___ MATERIAL SHOWN
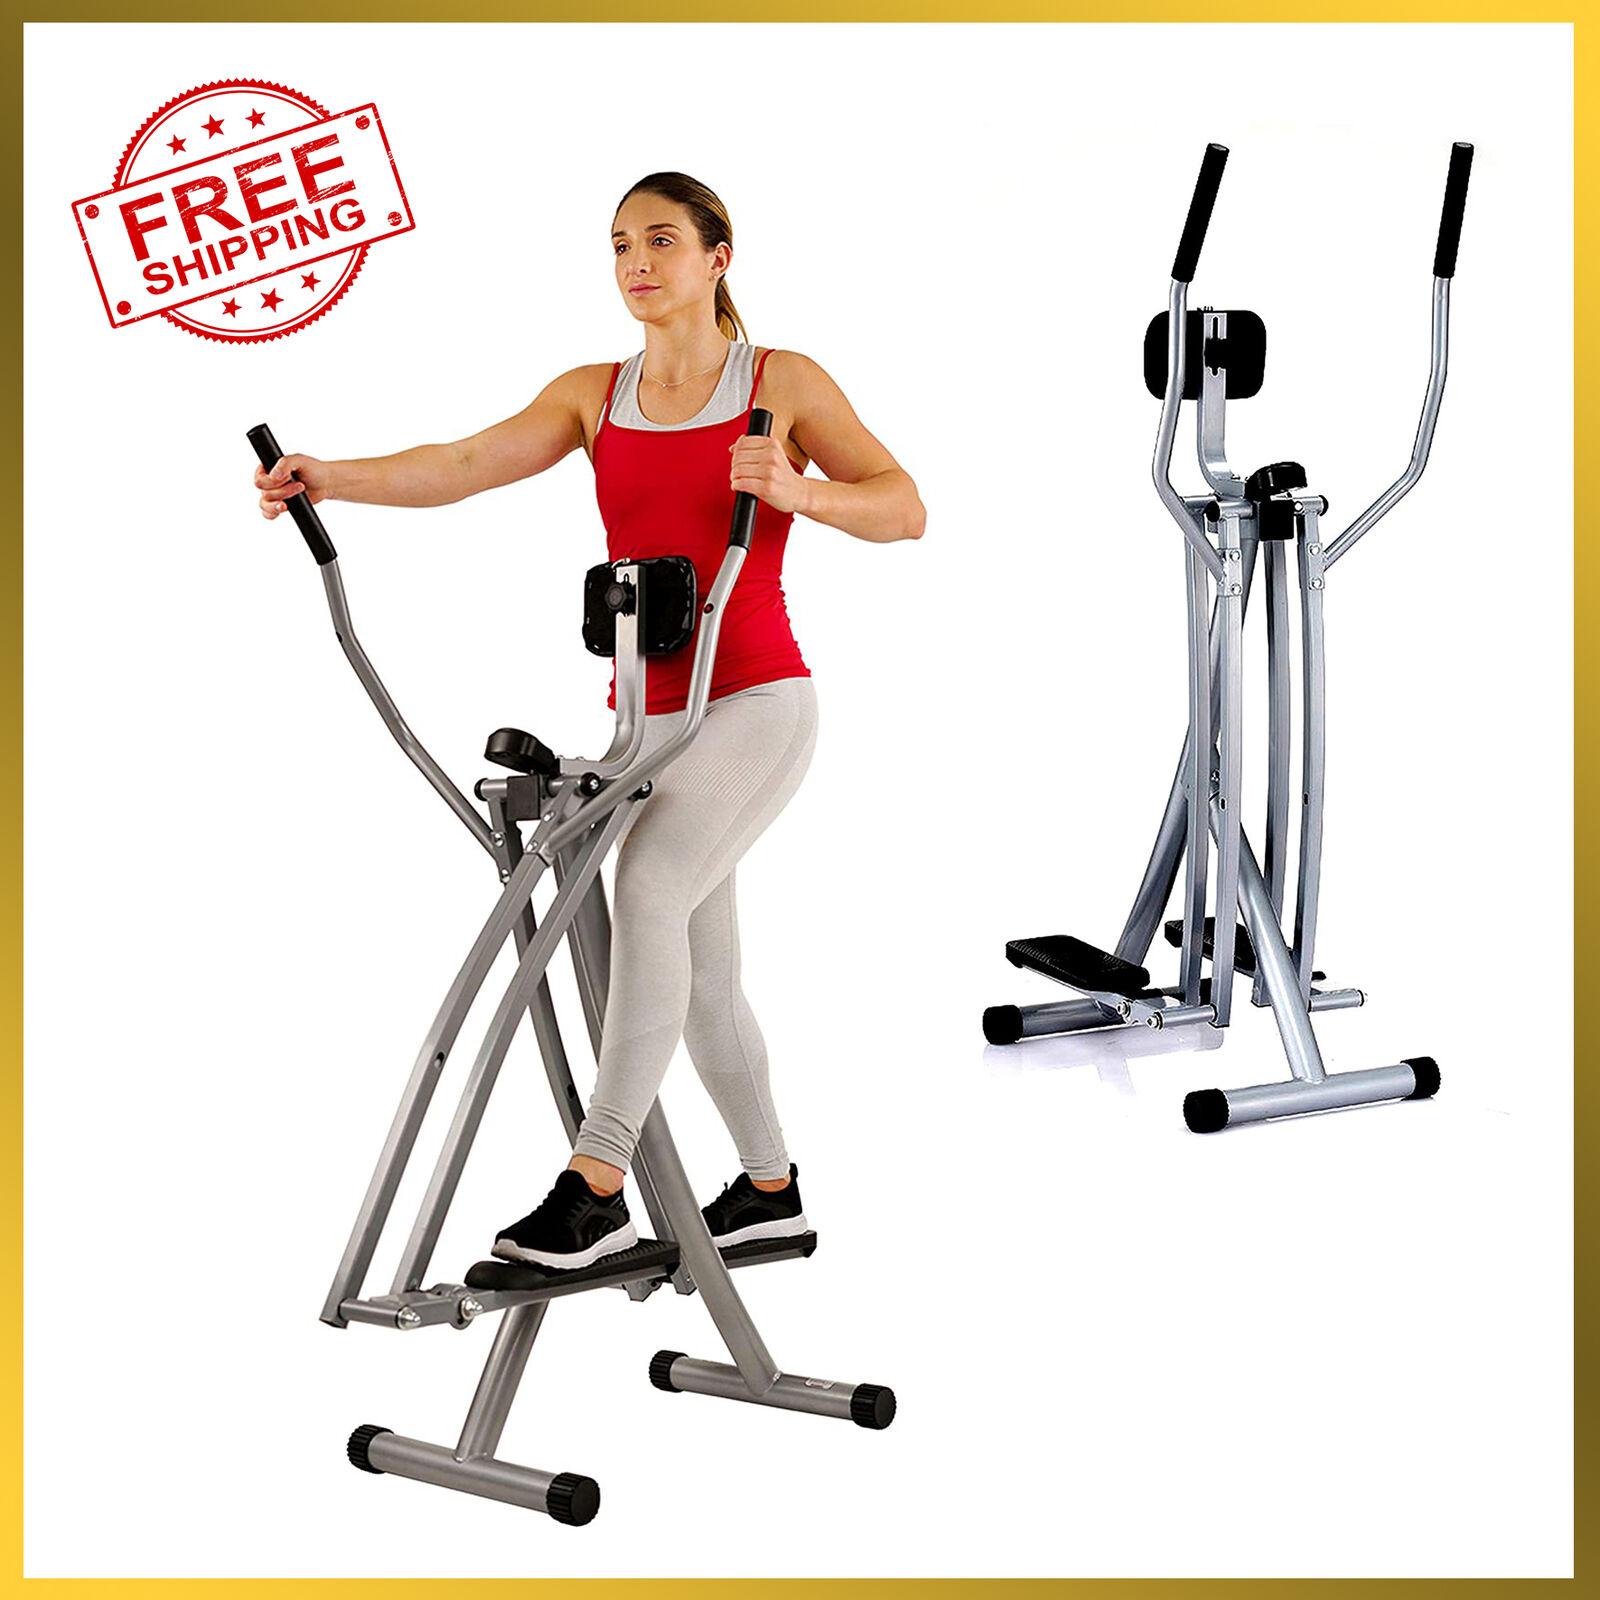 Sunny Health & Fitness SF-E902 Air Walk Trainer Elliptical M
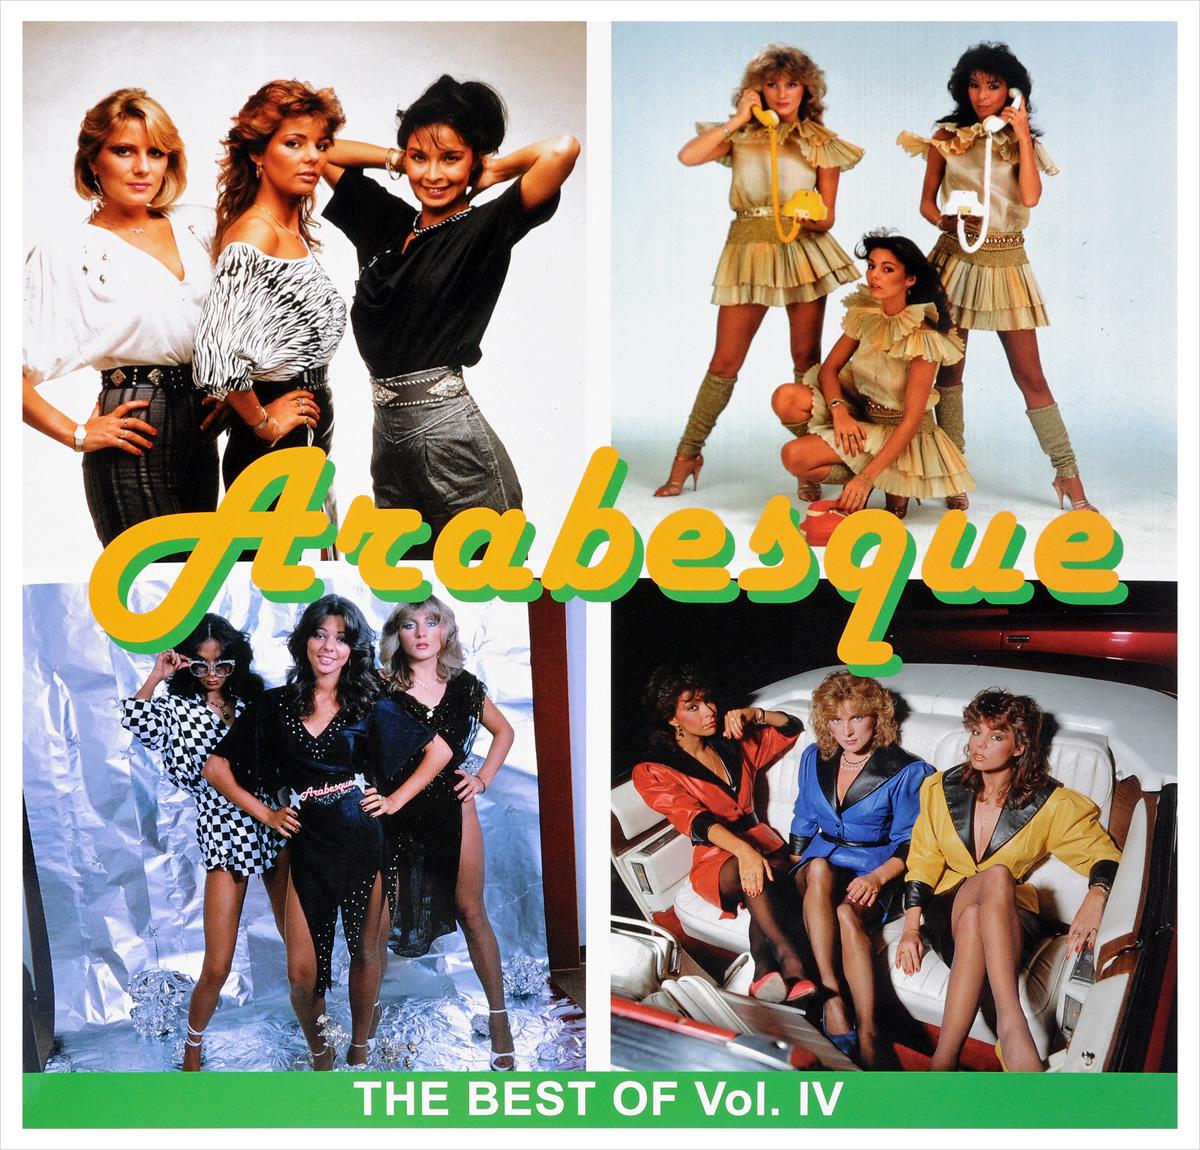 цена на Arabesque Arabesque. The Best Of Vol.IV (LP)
______
___ MATERIAL SHOWN
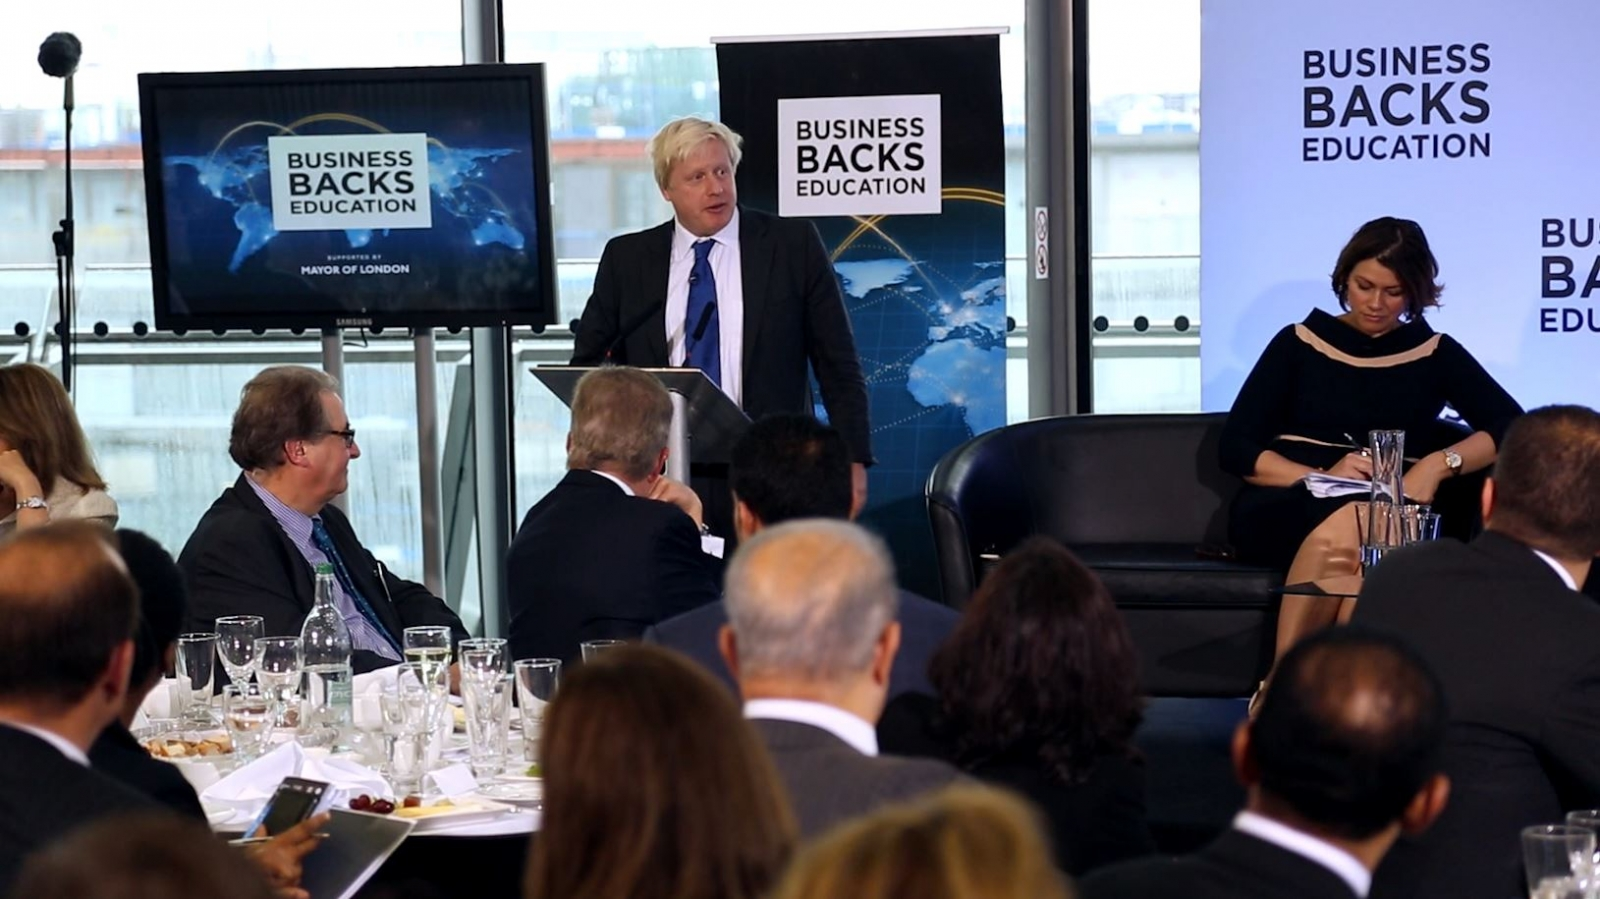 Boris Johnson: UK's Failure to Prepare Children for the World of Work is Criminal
______
### TASK DIRECTIONS
Give exactly the lines above that run from the line with "Sunny Health &" to the line with "цена на Arabesque", both included, leaving every picture out.

### ANSWER SPACE
 Sunny Health & Fitness SF-E902 Air Walk Trainer Elliptical M
 цена на Arabesque Arabesque. The Best Of Vol.IV (LP)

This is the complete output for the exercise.